Nancy wants to share her testimony to help others.

“Sensitivity to people with shared pain drives me to tell my story publicly and in writing. My message to people struggling with depression and perhaps suicidal thoughts is to wait for the beauty. When it seems as if the path ends in a big hole, it doesn't; the miracle is around the bend. To people with food (or any) addiction, I speak of hope and the innate value of their lives, reminding them they are worth fighting for. I stand as an example of profound recovery; do not judge or dismiss anyone with mental health or addiction issues. Not only can I openly share with those who need realness and honesty from someone who has been in dark places, I can now also feel, and relate to what is happening inside myself without escaping my reality through food."

Therapy has gifted clarity.

She described, “In Pennsylvania I found a mental health organization that emphasizes Cognitive Behavioral Therapy (CBT). A specialist in that field walked me through a new thinking process that allows me to exchange false and negative beliefs for reality. My individual therapist helps me to apply that new insight to everyday challenges. Also, a support group for food addicts has provided me with substantial help in that area.”

Nancy talked about the books she has authored. In her words, “My first book covers one year of my life. Called to Live: A Chronicle of Recovery After Attempted Suicide, shows the process of a major depressive episode as it occurs, not in hindsight. My second book, Always the Fight: A Living Testimony of What Only God Can Do, is my take on the sovereignty of God with regard to life's struggles. They Were Real: Short Story Gateways Into the Thoughts of Bible Characters, was released December 30. It takes key moments in the experiences of ancient people, and adds what the person may have been thinking or feeling at the time. I could not have written this before I learned to experience emotions.”

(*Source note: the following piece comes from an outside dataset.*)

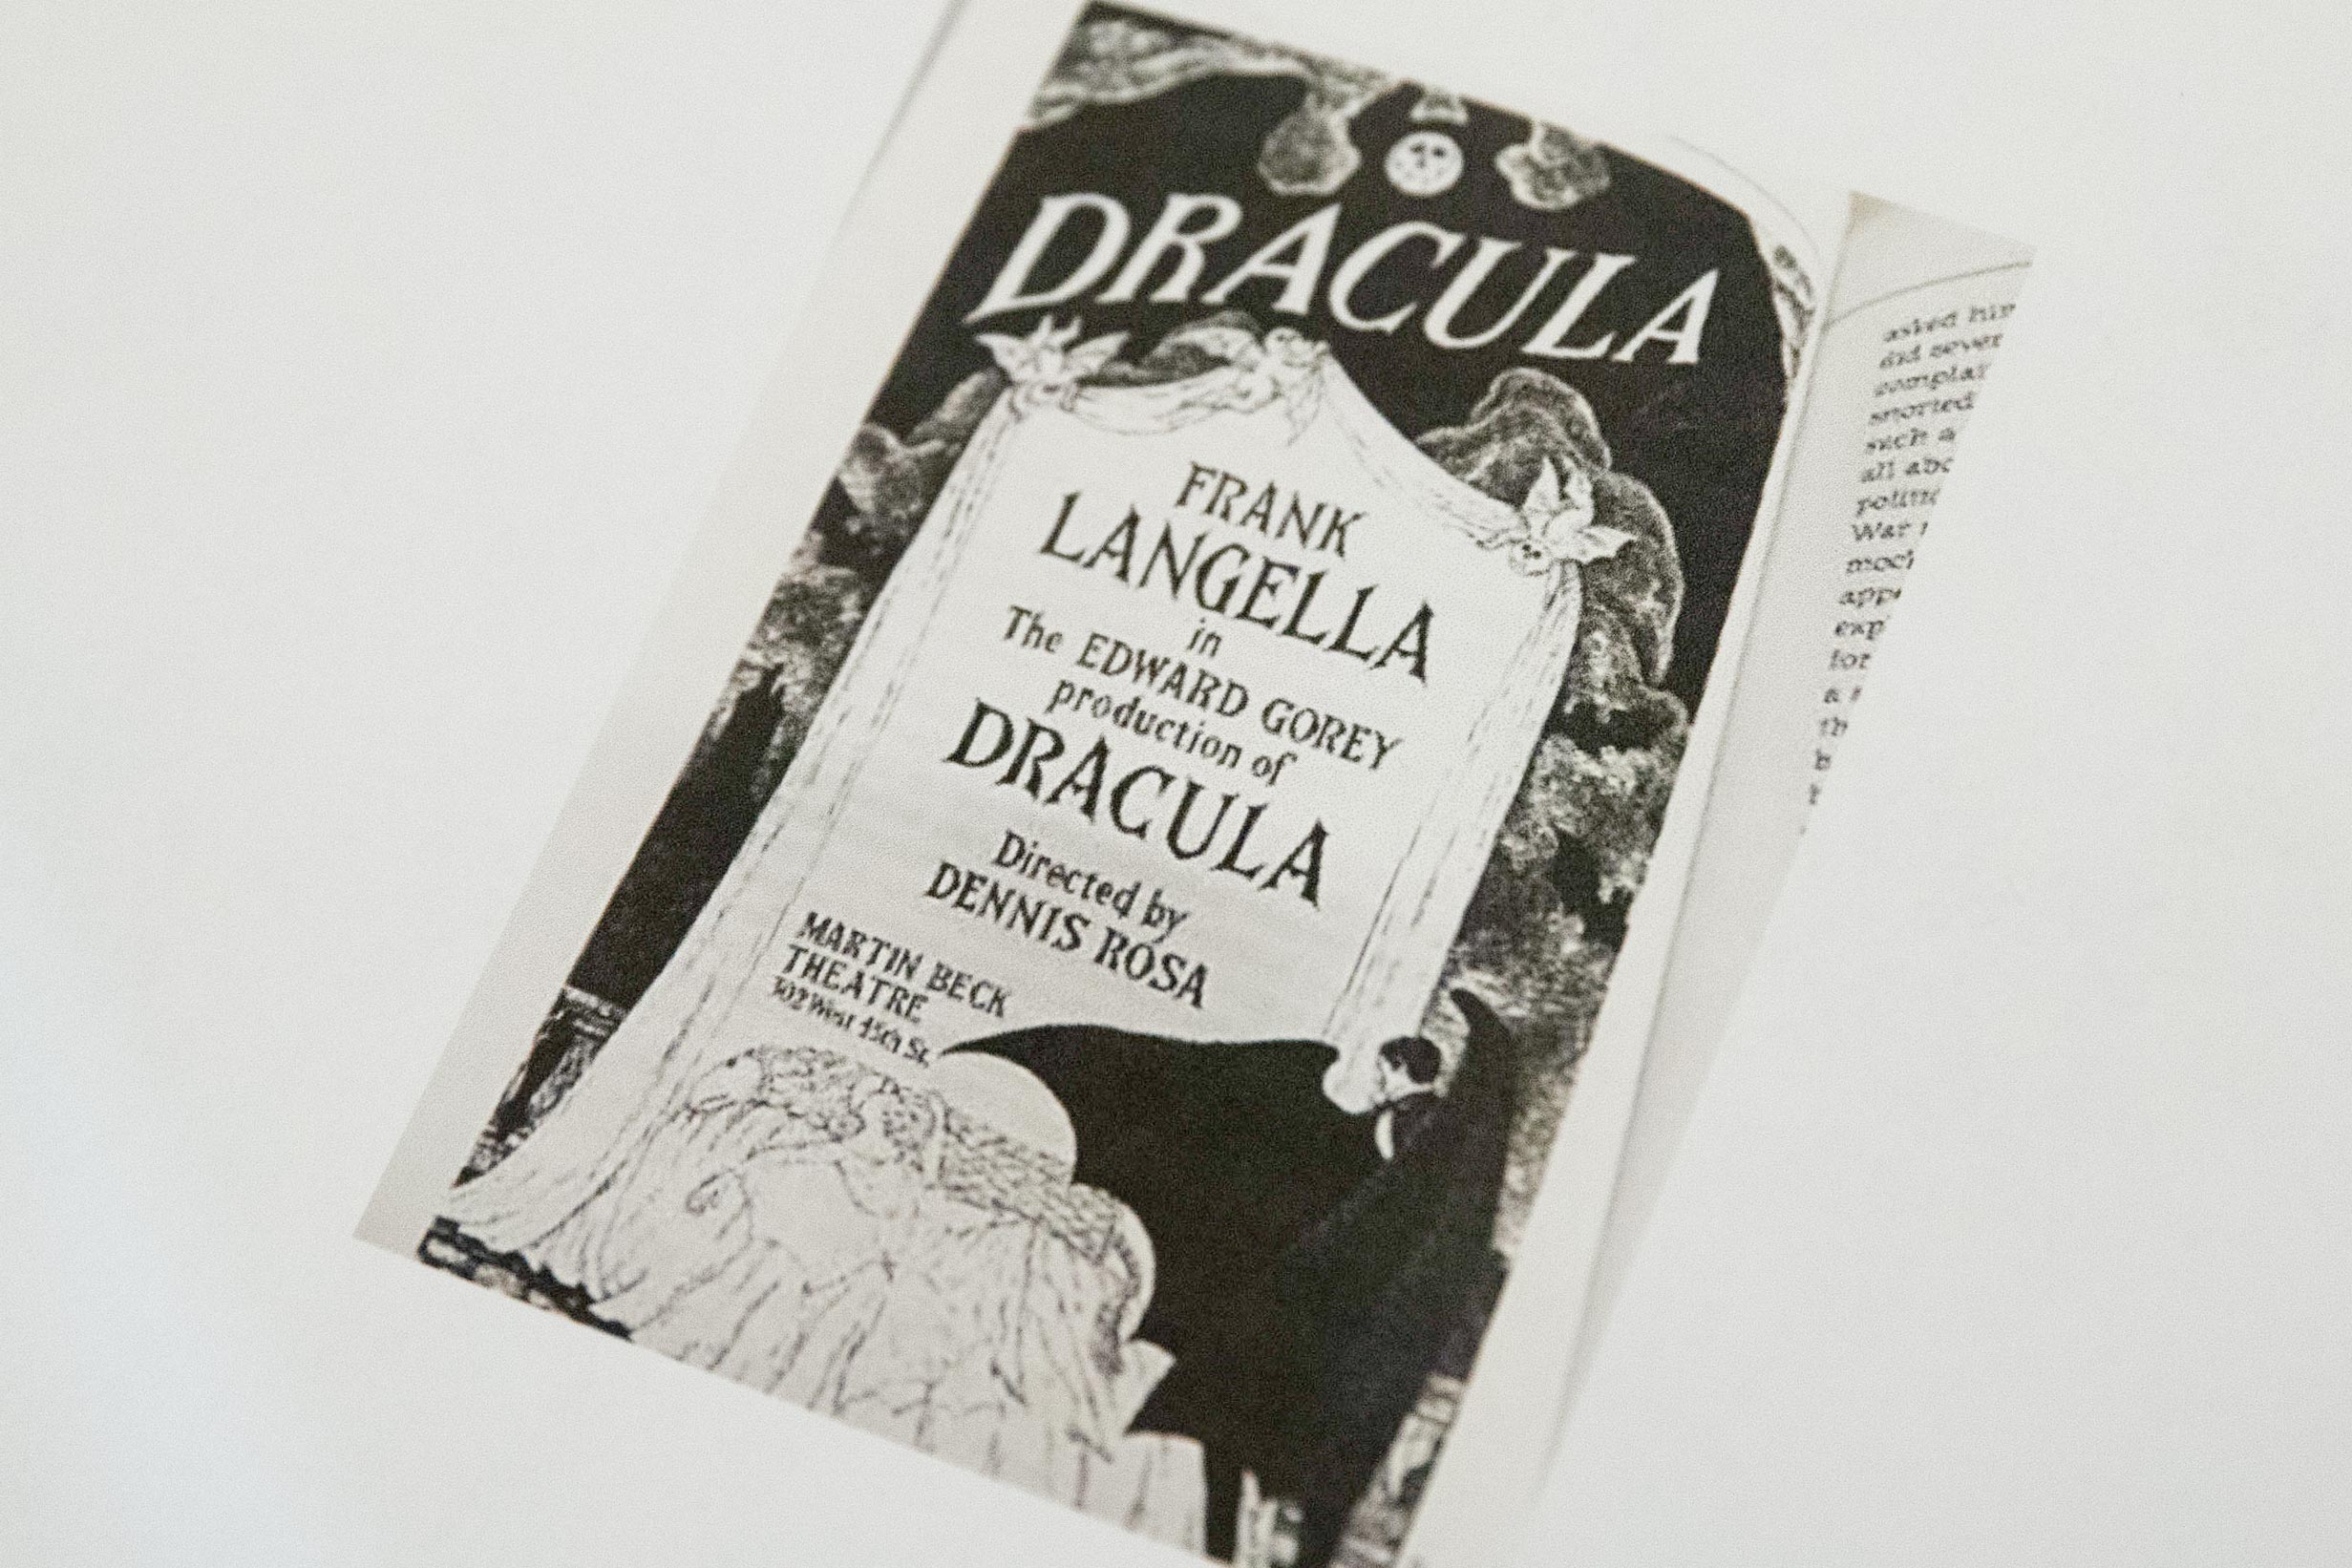 playbill of Dracula with Frank Langella

You can interface with Nancy via her website to gain insightful information.

Her closing words, “My website is NancyVirden.com and features a bi-weekly blog on depression, suicide, and how to be supportive to a loved one who is depressed. Information on what I offer to a group as well as a list of events is also on the site.

When it comes to major depression, it is vital to get professional help. To start, seek a medical specialist, a psychiatrist, and take the prescribed medications. Then reach out for support via talk therapy; I recommend CBT therapists because it is statistically the kind of therapy that works. 

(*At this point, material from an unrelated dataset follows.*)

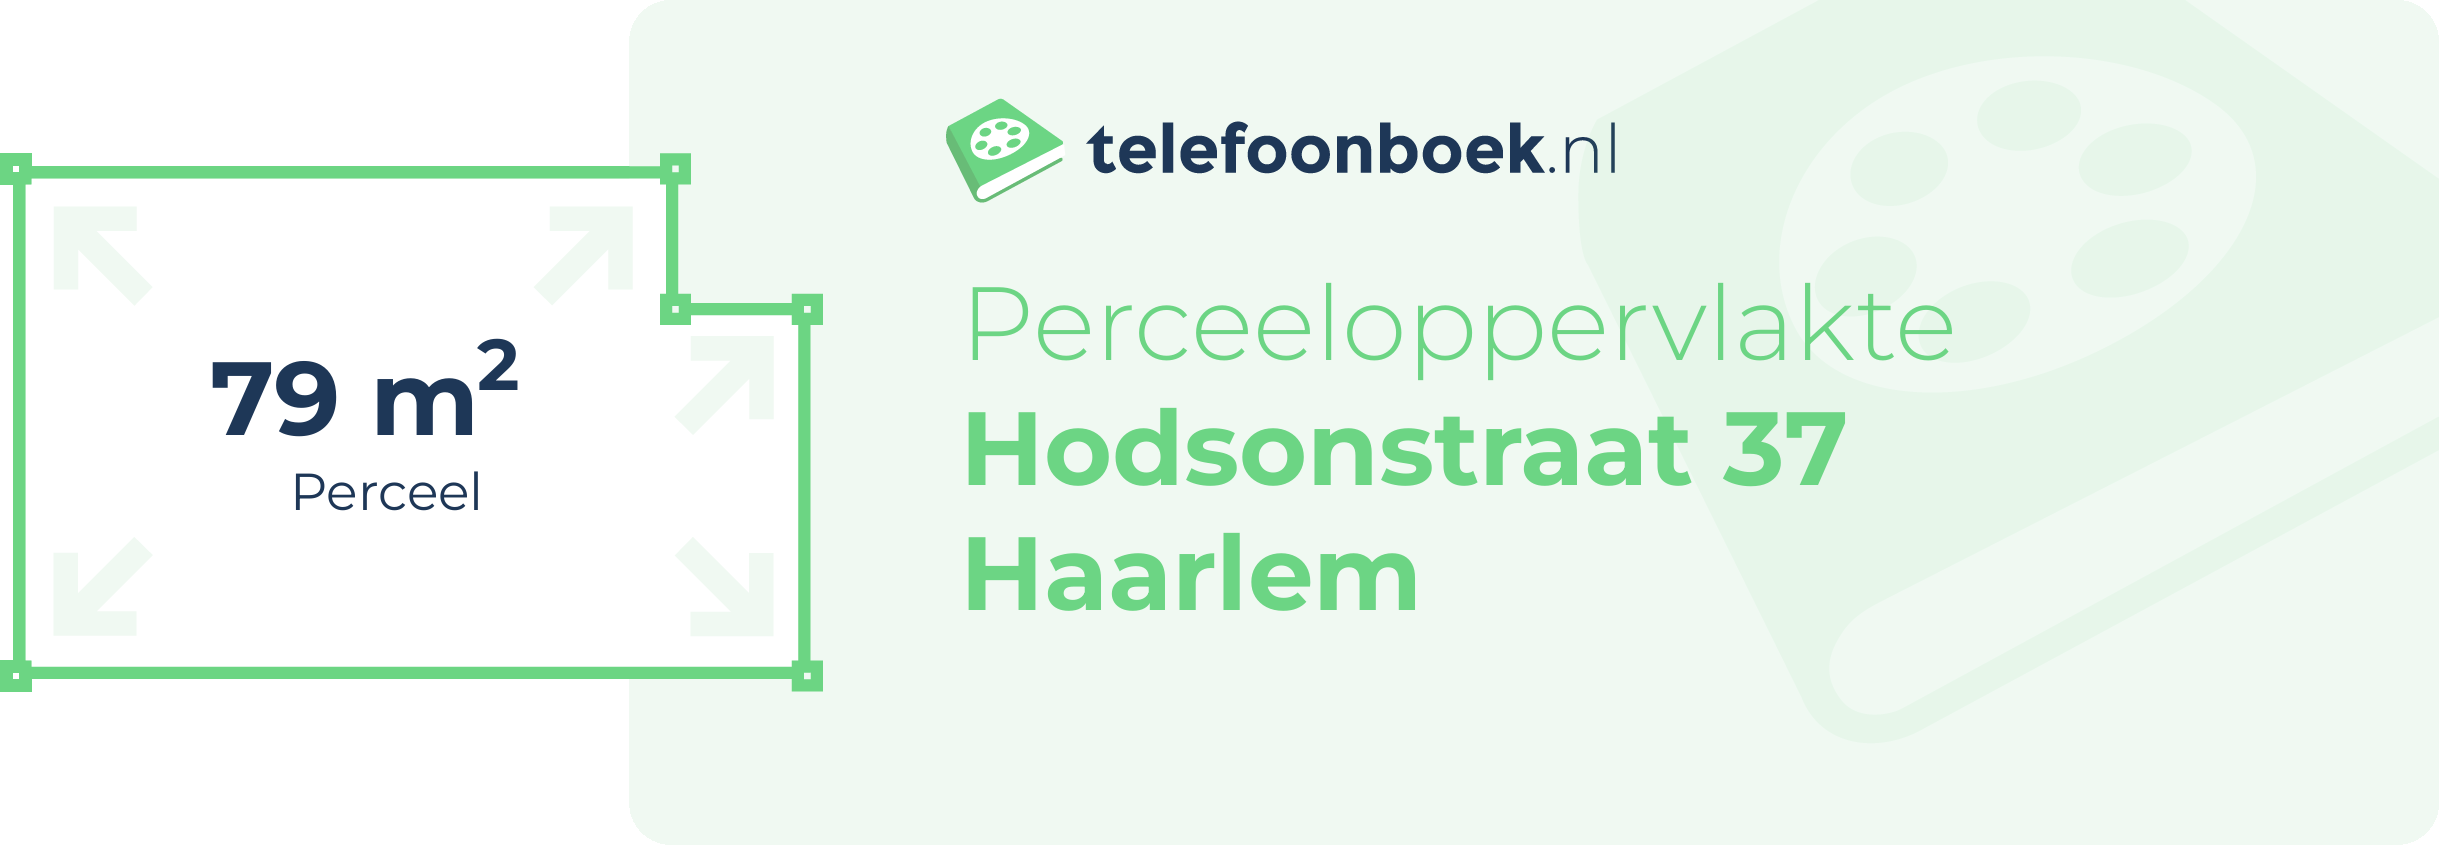 Perceeloppervlakte Hodsonstraat 37 Haarlem

For anyone struggling with an addiction, support is your answer, too. Get to a recovery meeting and allow the wisdom there to guide your next steps. If you need rehab, do not postpone it. 

Life begins today! You will never get yesterday back, and unless you change, tomorrow will be the same. Change is difficult but possible. Well-being is a challenge to maintain and it is worth it. Surrender to God can seem useless although it is the only way.

Diets will never solve a food addict's problems because they place our hope in losing weight. When our hope is in losing old thought patterns and beliefs, inner change occurs, recovery begins, and weight takes care of itself. I'm halfway to my goal weight, but almost 180 degrees from who I used to be. 

Depression and despair can be results of lost or misplaced hope. When I put my hope in food and escaped from feelings, I added to my suffering instead of finding healing. Now the disease of major depression is manageable, and food nourishes rather than destroys my health.